Italian pianist, media composer, and teacher

Sergio Prezioso is an Italian pianist, educator and media composer.

== Biography ==

=== Musical education ===
Born in Italy, Prezioso was introduced to music with piano studies at age 5. In the early years he began to perform in public as a soloist, participating in and winning numerous national and international competitions, such as the International Piano Competition "Monopoli". At the age of 18 he was accepted as a student by Lucia Passaglia, pupil of Alfred Cortot and Arturo Benedetti Michelangeli.

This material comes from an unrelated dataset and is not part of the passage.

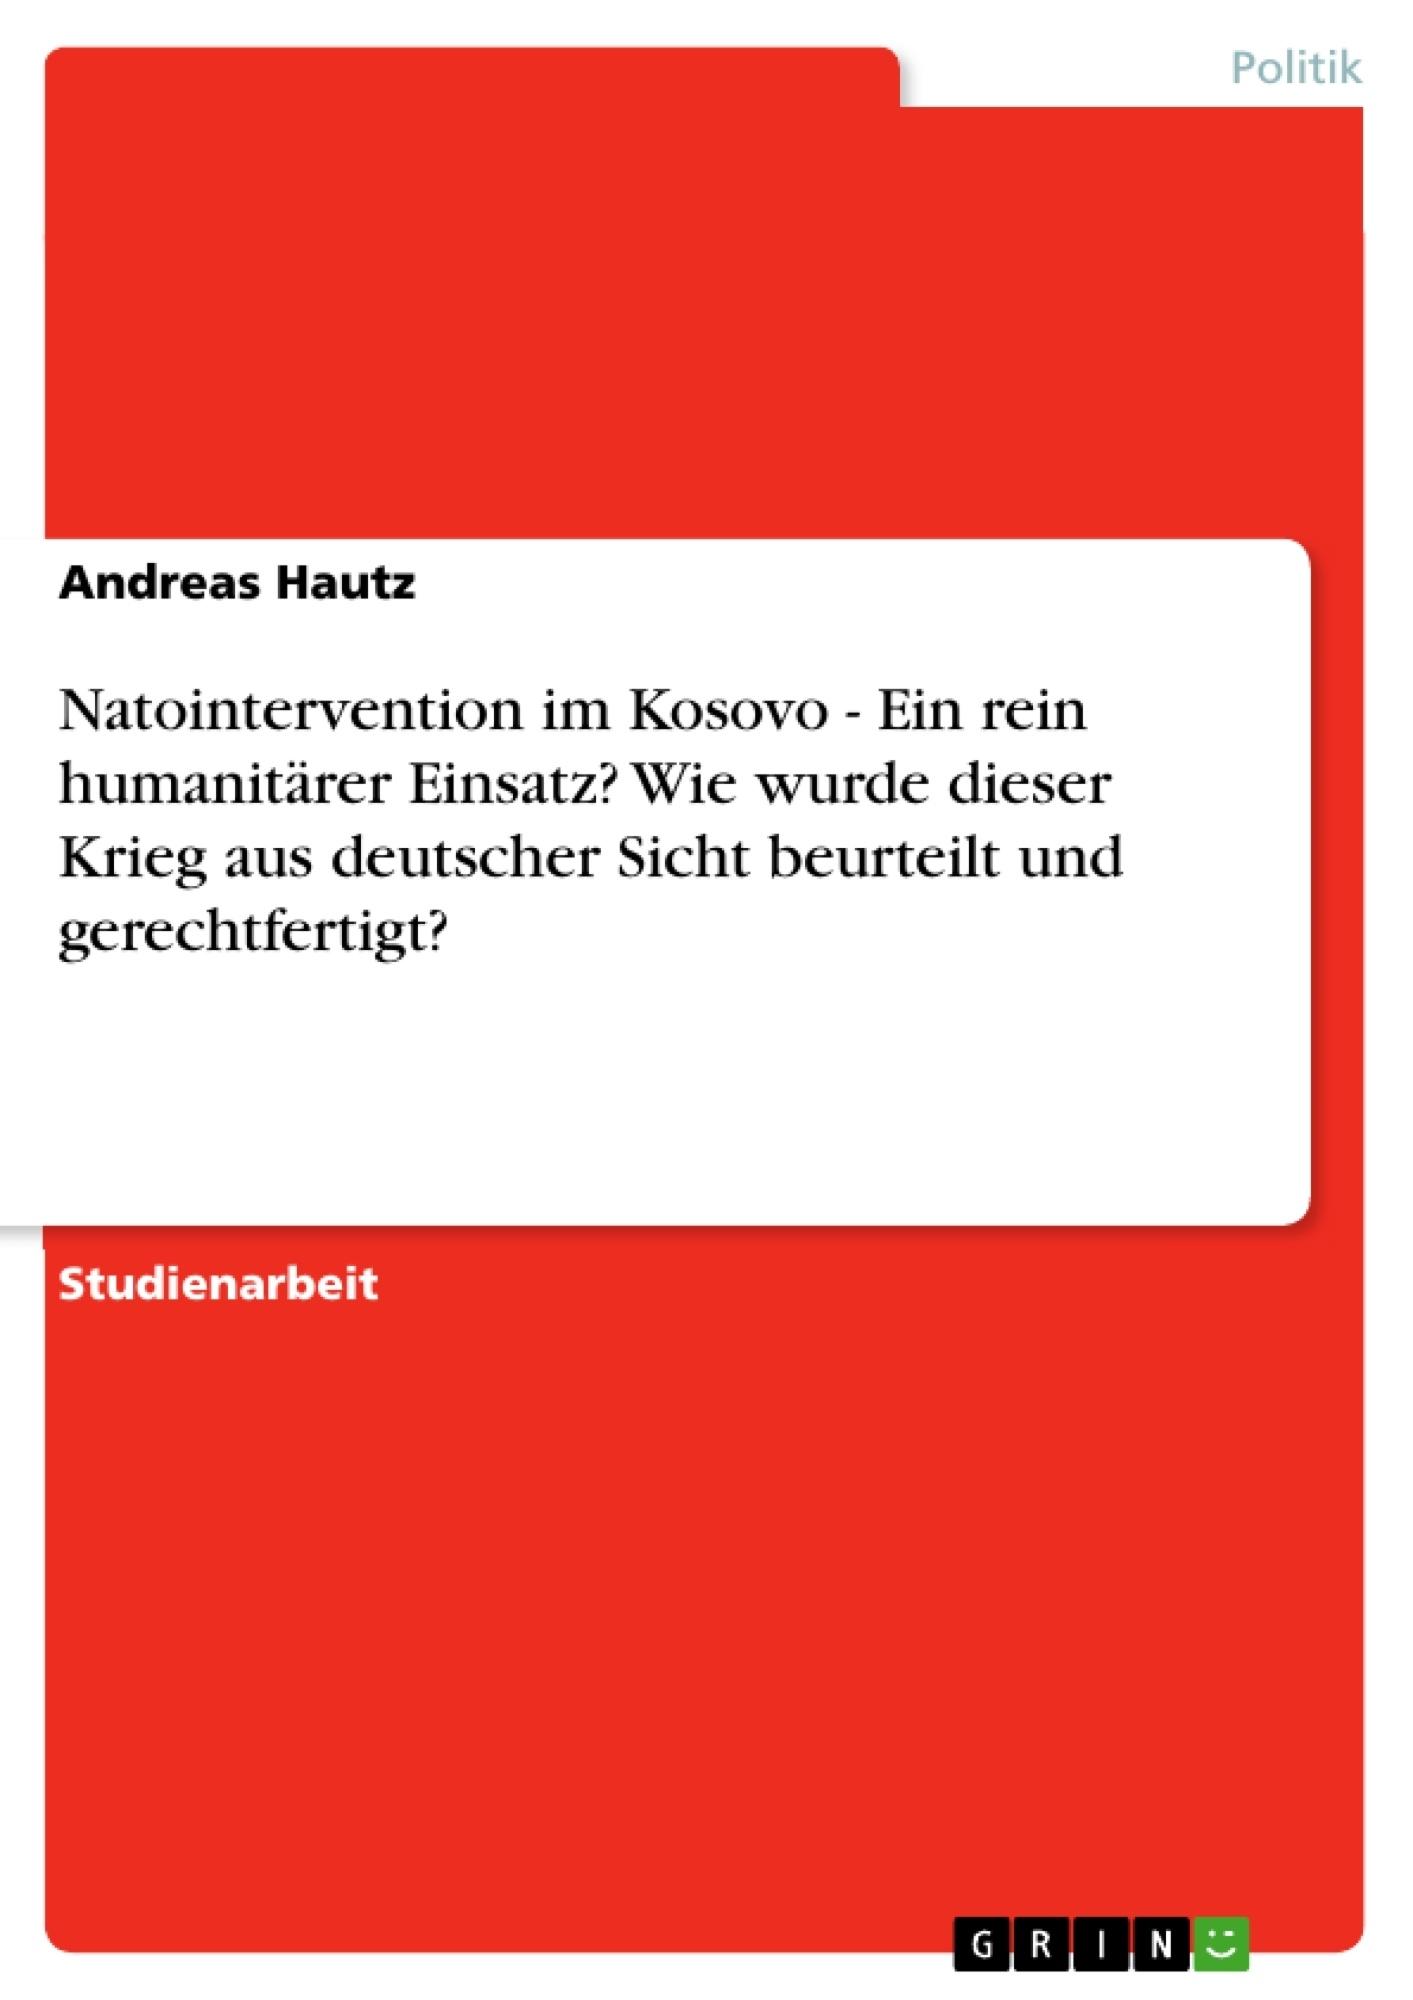 Titel: Natointervention im Kosovo - Ein rein humanitärer Einsatz? Wie wurde dieser Krieg aus deutscher Sicht beurteilt und gerechtfertigt?

He studied at the Conservatory of Music “Gaetano Braga”, graduating with highest marks and honours in 2000. In the same year he recorded the Bach-Busoni Chaconne for the Italian series Best Piano Graduates.

In 2006, he graduated in Jazz at the Conservatory of Music “Alfredo Casella” of L’Aquila, Italy, and after winning a scholarship to attend Berklee College of Music in Boston, he moved to the United States and graduated Summa Cum Laude at Berklee in 2012, majoring in Contemporary Writing and Production with a minor in Music for TV & New Media.

=== Career ===
After having been a touring musician for national and international artists, in 2012 he moved to New York City where he worked as a media composer, writing music for TV advertising campaigns.

He wrote the music for a variety of multimedia projects as well as the scores for major TV commercials, including Johnson & Johnson, Mitsubishi, Geico, Comcast and Academy Sports + Outdoors among others.

As a sound engineer, he has mixed and mastered numerous projects, including the award winning documentaries Naleena, and HeartWood.